Бровь ползет вверх, слух не радует дрожь чужого голоса, что должен бы биться в истерике, хаотично размышляя как спасти свою шкуру. "Отрадно, не теряет самообладания." Не будь воровкой, она бы больше пришлась ему по вкусу, их не разделяла бы условная черта, которую словно пером провели между добром и злом. Элегантность движений легко могла гипнотизировать слабые умы, её медлительность будто бы рассчитана, один из козырей она сама? Со многими эта партия была бы разыграна идеально, победоносно. А он - каменный истока, будто и не интересующийся этой скользящей в воздухе змеиной плавностью. Тяжело сдержать напряженный вздох, этот раунд он отдаёт ей, ведь купился, но просто взрослее и сдержаннее многих.
Папка на полу, записи, фото, листки с экспертизами и заключениями разбросаны по полу, словно праздничные конфетти. Но он не видит этого, лишь слышит шорох, вперив взгляд в медленно поворачивающееся к нему лицо. Медлит, очередная игра или же, просто собиралась с мыслями, растягивает момент, когда наконец взглянет в лицо тому, кто разгадал её коварный план, прежде чем она смогла поставить точку, оставив на прощание одураченным законникам лишь пустоту и разваленное дело.
Ее шаги вызывают приступ недоверия, железо следит, готовое сплюнуть в неё свой смертоносный груз. - Я не из любопытных. - кратко, почти что холодно, в нём словно бы и нет слабых мест, за которые можно было бы зацепиться.- Достаточно. - трудно понять, это ответ или попытка прекратить разговор. Взгляд в глаза, тяжелый воздух давил, наэлектризованный напряжением. Красивое лицо, острый и цепкий взгляд, ни капли испуга, ни намека на панику. И все тот же голос, он ласкал его слух своей твёрдостью. Она не признает поражения, в ней вызов, который он обязан принять. Но как всегда, Охотник сделает все по своему.
На вопросы он отвечает ухмылкой, покой с лица стирается, эмоция его ей подарок, его признание равности своего оппонента. - С самого начала. - голос словно теплеет, оживая каменная статуя правда все еще остаётся камнем, способным привлечь внимание всего участка, когда эхо выстрела от попытки сделать хоть одно неловкое движение разнесется по коридорами, пусть и приглушённое клеткой из стен, в которой они оказались заперты вместе. - А теперь, медленно повернись к столу и положи на него свои руки, расставь ноги. И тогда, быть может, мы поговорим более конструктивно. - Охотник делает шаг назад, кивая на письменный стол, стоявший рядом с ними. Он держит дистанцию, не отводя взгляда, ему не нужно смотреть, куда ступать, он знает все помещения наизусть, это его территория, его охотничьи угодья. И, если позволит случай, сегодня он снова окажется больше удачливым хищником, чем его визави.

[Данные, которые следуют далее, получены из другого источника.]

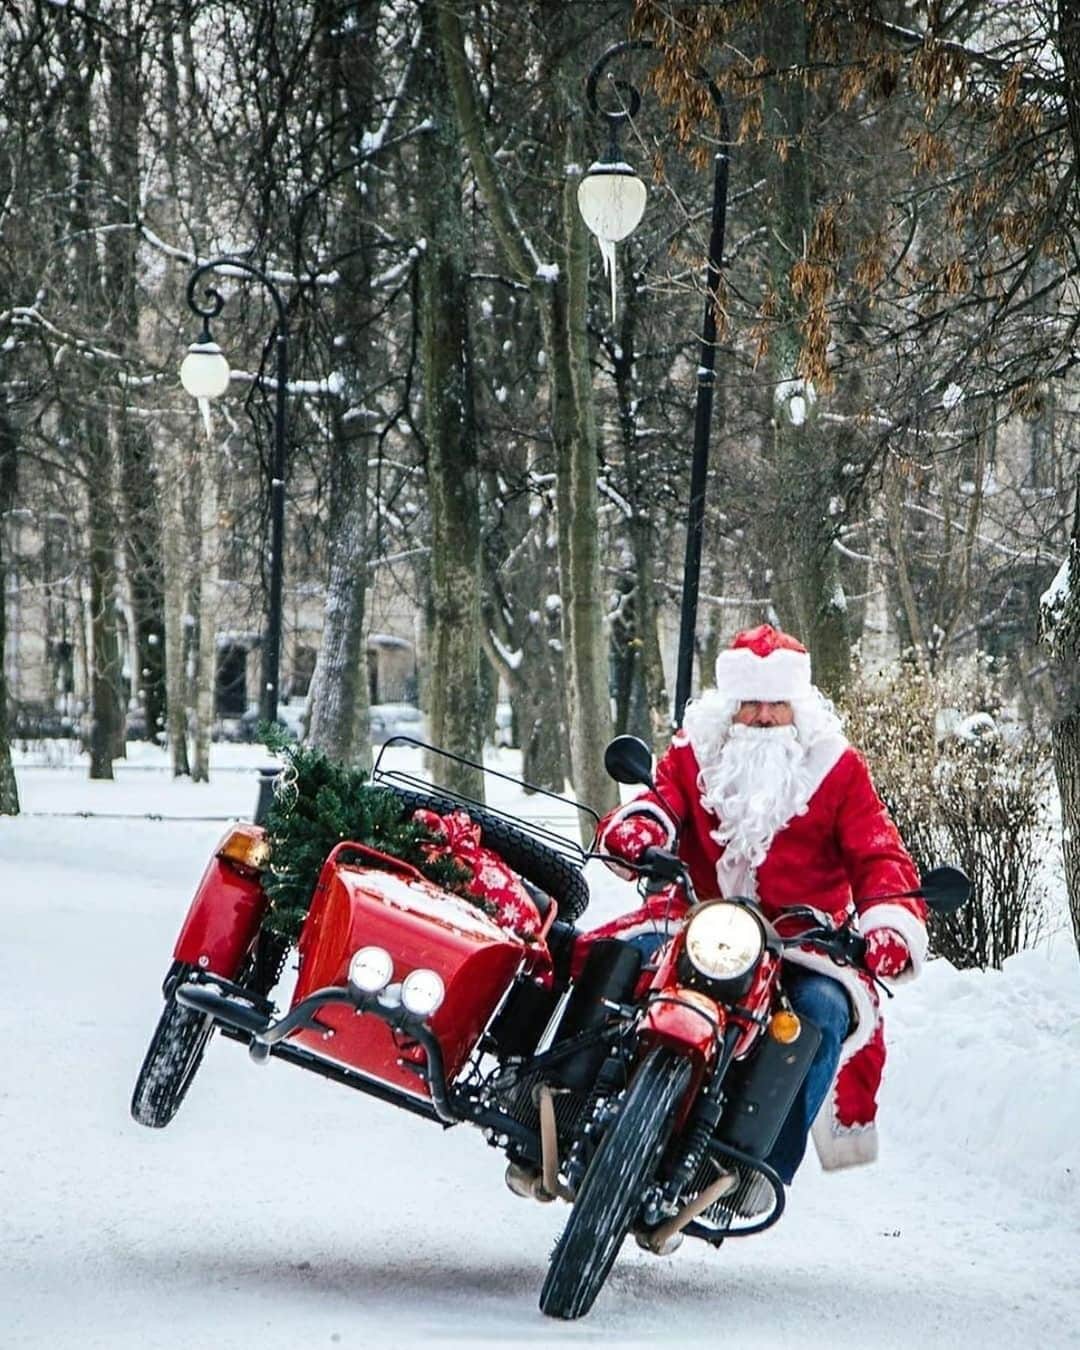 Ural Motorcyclesのインスタグラム：「12月23-24日！ 全国のウラルディーラー店でウラルサイドカーのクリスマスライディングデーを開催します！ ウラルオーナーの人は、ウラルサイドカーの眺めを体験させてあげましょう！  イベントの内容:  - ウラルサイドカー試乗（サイドカー側のみ）  - コーヒー＆ドーナツ  - ウラルグッズSALE  - ウラルサイドカーのユーザーとの交流  - ウラルディーラーのウラルサイドカーの運転講座  - 楽しい時間  - 店舗によりサンタクロースのウラルライドもあります！  詳細、申し込みはプロフィール欄のリンクを！」

Отредактировано Hunter (26.07.2025 20:22:13)
Поделиться627.07.2025 00:33:14
С самого начала. Слова падали между ними, с неизбежностью гравия в безветренную воду, оставляя за собой расходящиеся круги — удивления, досады, и чего-то более глубокого, почти физического. Мора едва заметно вздрогнула: по коже пробежал холодок, но его оттенок тоньше привычного ужаса. Здесь было место и для изумления, и для чего-то похожего на восторг. Она играла слишком, возможно даже для неё самой. Но деньги. Деньги и азарт. Тупое хождение по лезвию, с каждым днём всё больше убеждаясь, что держит судьбу в собственных руках, и только теперь понимала: вся эта охота была его игрой, его сценой, его правилами. Конечно же, Мора это просто так не оставит. Не уступит, даже извиваясь как гибкий ивовый прут, не даст переломить свою натуру пополам. Нет ещё такого натиска, под которым она бы сломалась. И не будет.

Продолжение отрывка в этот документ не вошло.